The agreements for a “Donor Advised Fund” — the type of fund created under the partnership of the State Attorney’s Office and The Miami Foundation — specify that funds can be given only to “qualified public charities” or other groups that fall in line with Internal Revenue Service regulations. The Miami Foundation told WLRN it closely abides by those regulations and standards.

The Miami Foundation does not have an established process used to measure potential conflicts of interest from the State Attorney’s Office.

At least once, The Miami Foundation urged the State Attorney’s Office to grant money to a specific organization, only to have the prosecutor’s office decline.

In 2017, Victoria Fear, who oversaw the Denise Moon Memorial Fund for The Miami Foundation, asked the committee at the State Attorney’s Office to fund Exchange For Change, a group that teaches creative writing to inmates in South Florida. The organization had submitted a proposal for a grant.

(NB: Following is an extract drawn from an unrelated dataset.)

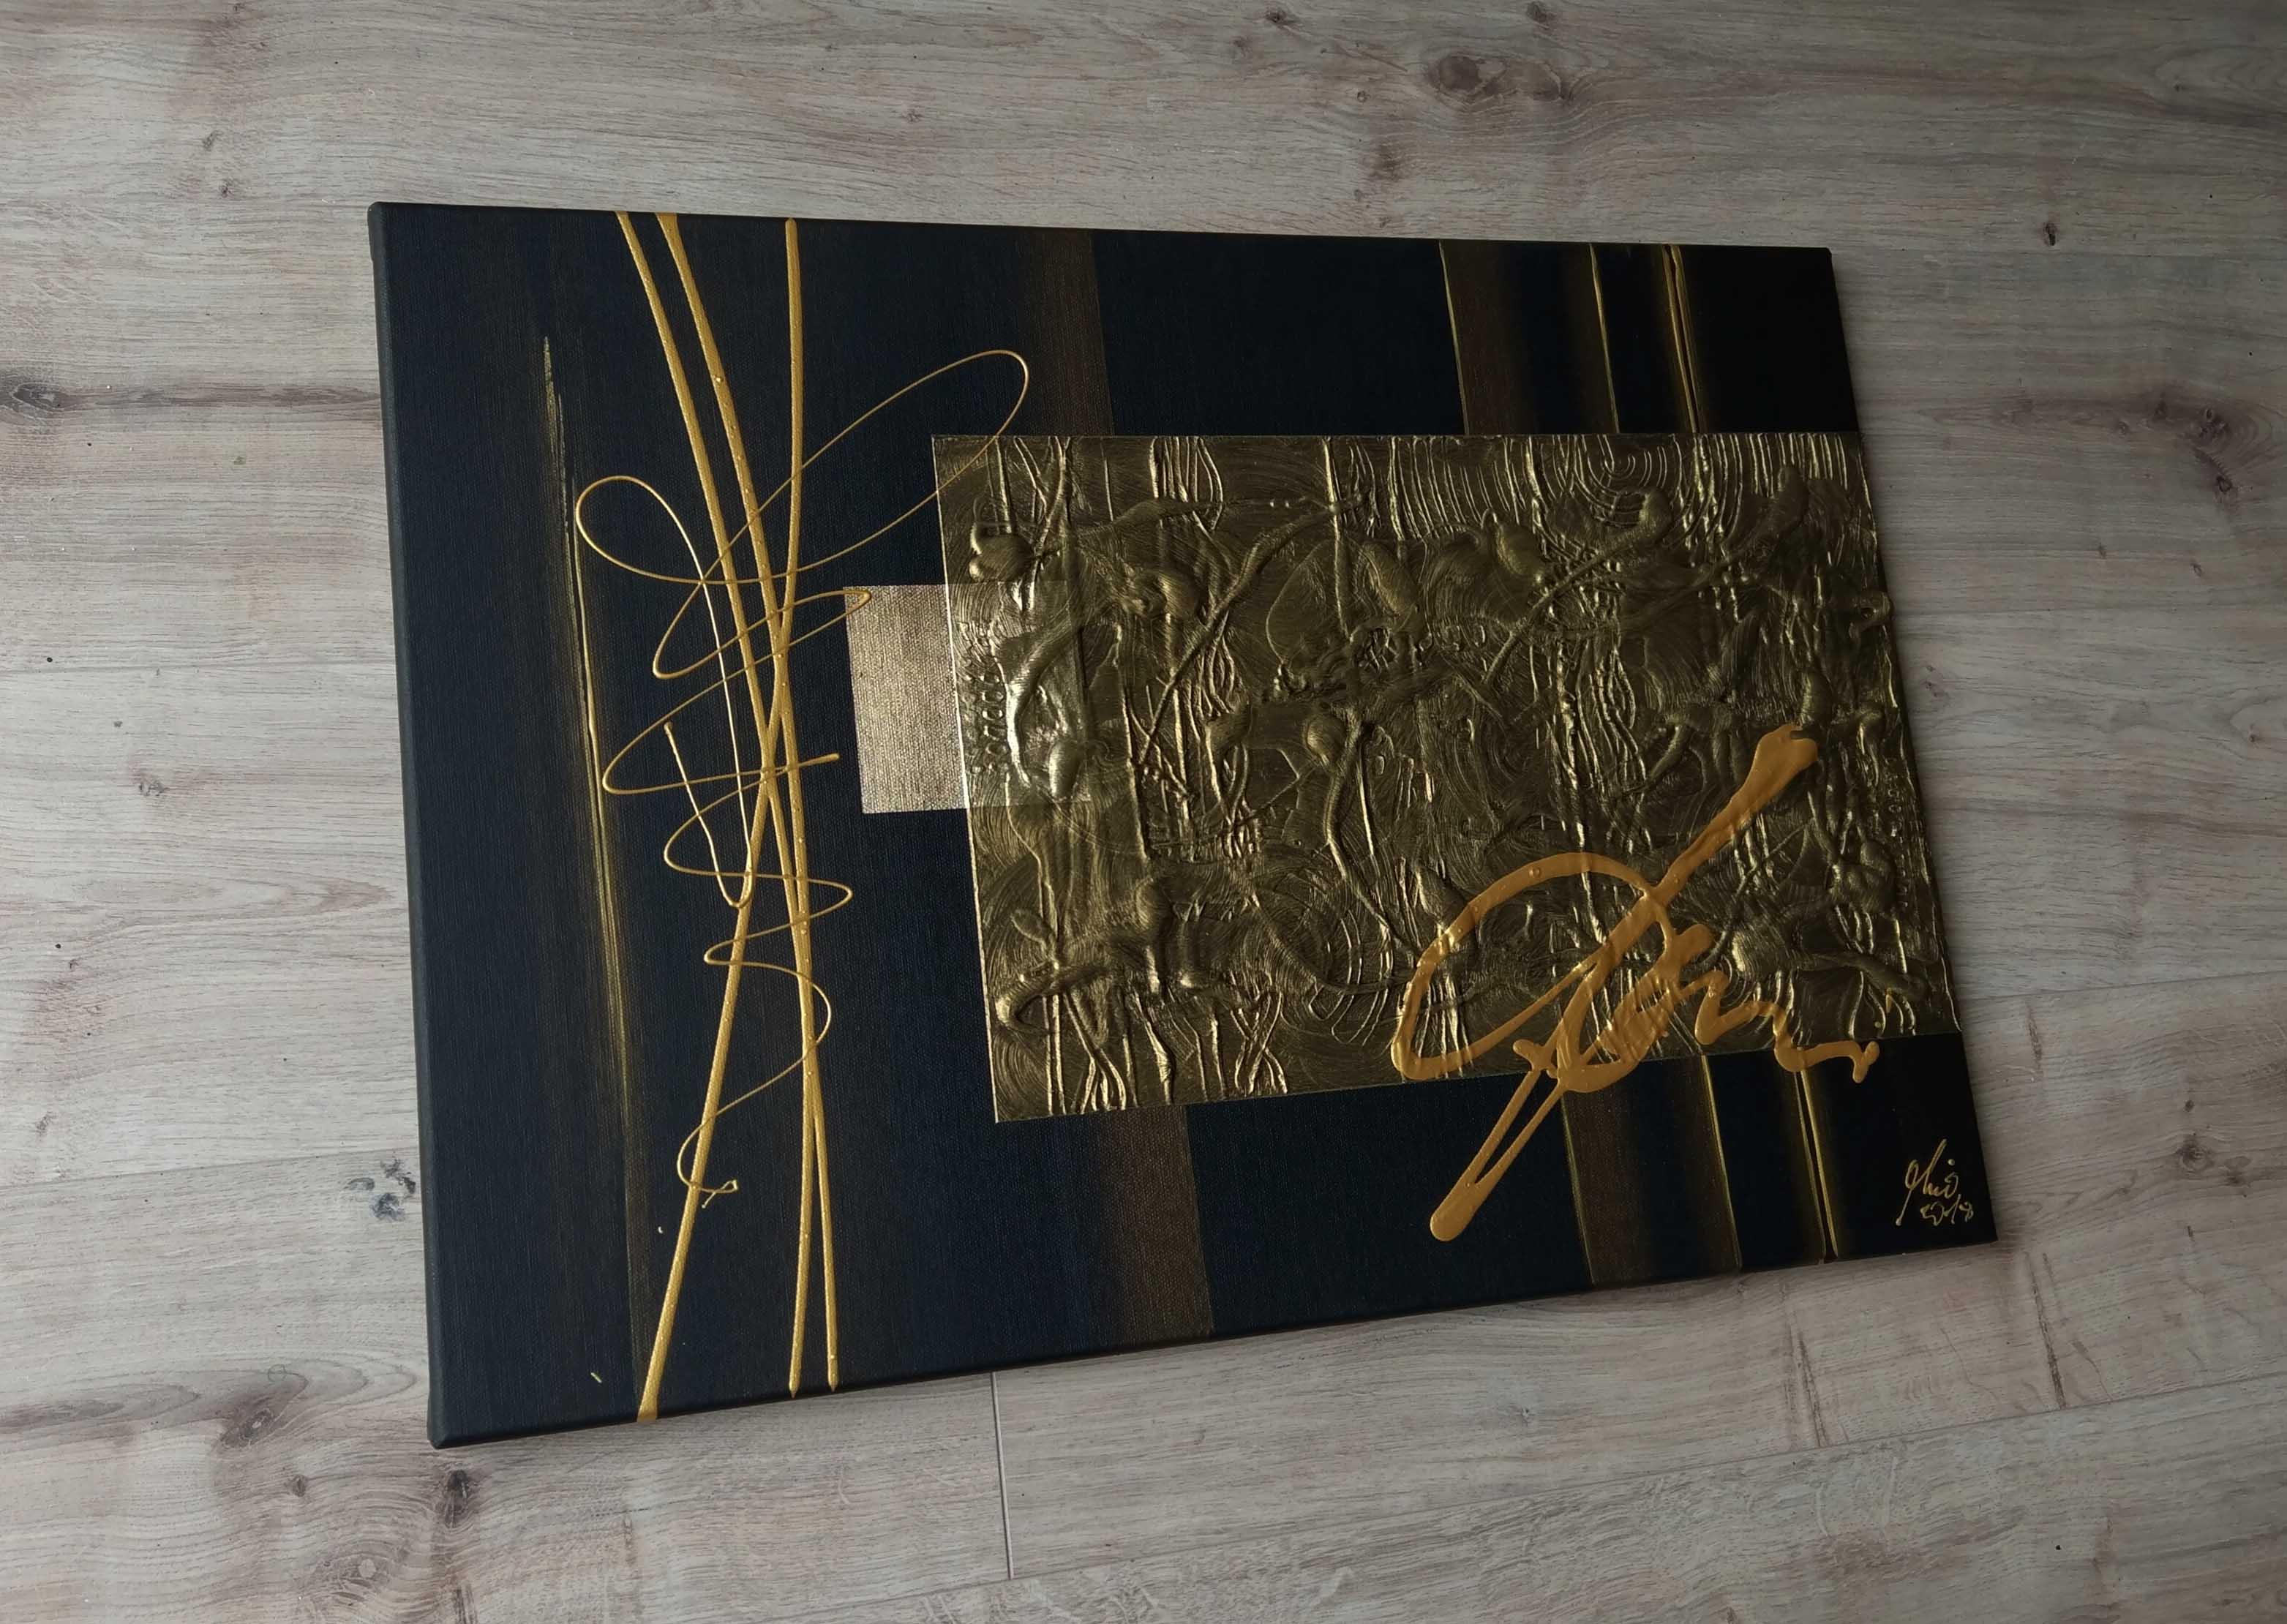 mico original abstrakt wandbild moderne bilder kaufen. Black Bedroom Furniture Sets. Home Design Ideas

“I hope your committee may consider them for some level of funding,” wrote Fear.

The State Attorney’s Office committee chose not to fund the organization.

In a lengthy statement to WLRN, Fernandez Rundle’s office said using charitable contributions as part of a plea agreement or pre-trial diversion program is a “long-standing practice” in Florida courts.

Diversion programs are kinds of rehabilitation programs that serve as an alternative to prosecution. People who complete diversion programs often have charges dropped or lowered on the condition that they attend classes and do other things, like perform community service.

“There is no State or Federal statute prohibiting this practice,” her office said.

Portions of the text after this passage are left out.